Population: The overall population metrics across each continent is fairly constant except for Asia and America. As seen in the boxplot distributions, there are signifcant outliers that can much greater than the average population in Asia across each year recorded. The outliers for the America continent are less significant but over quite a few years, America recorded a much higher population than on average.
GDP Per Capitia: In the distribution of GDP Per Capitia, there are a few outliers in the Asia boxplot as from the 1950’s to the 1970’s, there was signifcantly higher GDP per capitia on average. In addition, America also experienced this trend but to a lesser extent.

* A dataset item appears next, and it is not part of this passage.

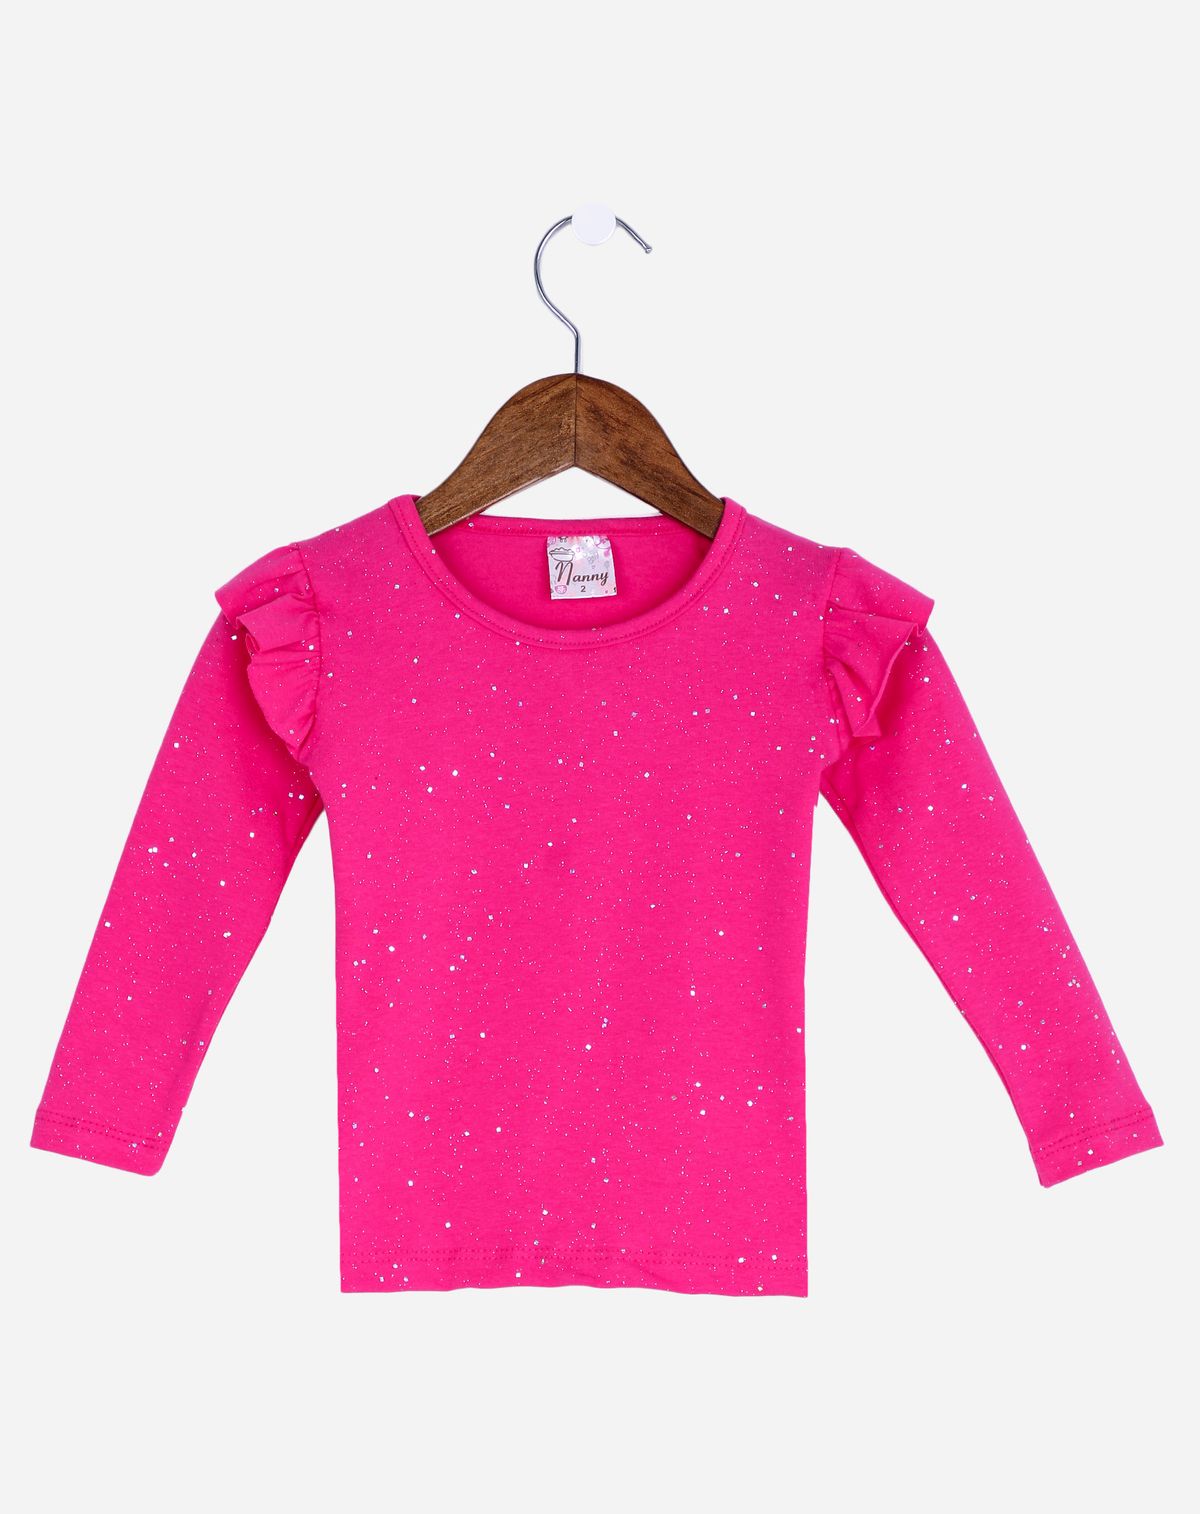 699140002-camiseta-manga-longa-infantil-menina---tam.-1-a-3-anos-pink-2-dc4
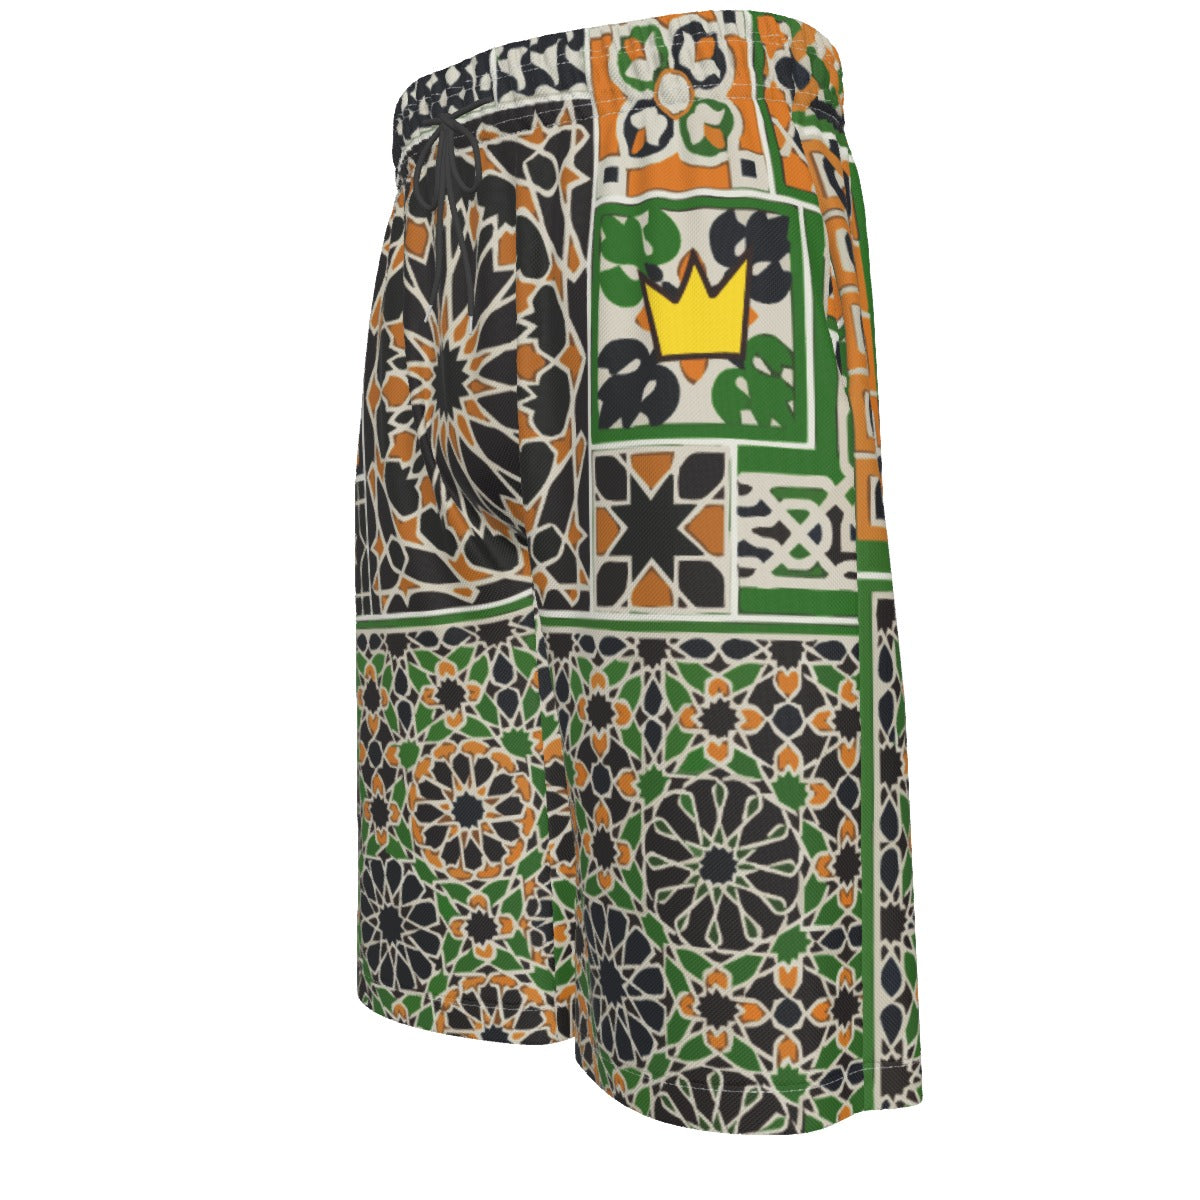 Tribal Men's Shorts- Congo

Overall, we can see trends in each of the metric variables as life expectancy, population and GDP per Capitia are all generally increasing across all continents. For example, looking the distribution of life expectancy, we can see exponential growth in Africa, America, Asia and Europe. The one surprising distribution is the limited growth of population numbers in Europe and the Oceania. From the 1950’s to the early 2000’s, the population numbers have been fairly constant and there has not been significant growth like the other continents. One thing I would like to look further into is maybe how each of these metric variables are correlated to one another and if there is any ties between them.
gapminder %>%
select(gdpPercap, lifeExp) %>%
cor()
## gdpPercap lifeExp
## gdpPercap 1.0000000 0.5837062
## lifeExp 0.5837062 1.0000000
gapminder %>%
ggplot(aes(x = gdpPercap,y = lifeExp, color = continent))+
geom_point()+
facet_wrap(vars(year), nrow = 3) +
theme(axis.text.x = element_text(angle = 90)) +
labs(title = "GDP per Capitia vs life expectancy",
x = 'GDP per Capitia',
y = 'Life expectancy')
One thing that is certainly striking about this chart is how low the life expectancy is in the continent of Africa and is trending even lower as we get into the 2010’s. In addition, the continents with greater GDP per Capitia also have a higher life expectancy as evident with Europe, Asia and America. There seems to be a large variation between a majority of the first world countries and the third world countries. This is a problem in our society now adays as not everyone in the world has equal resources based on location and this inevitably affects how much people earn in their lifetime and long they are expected to live.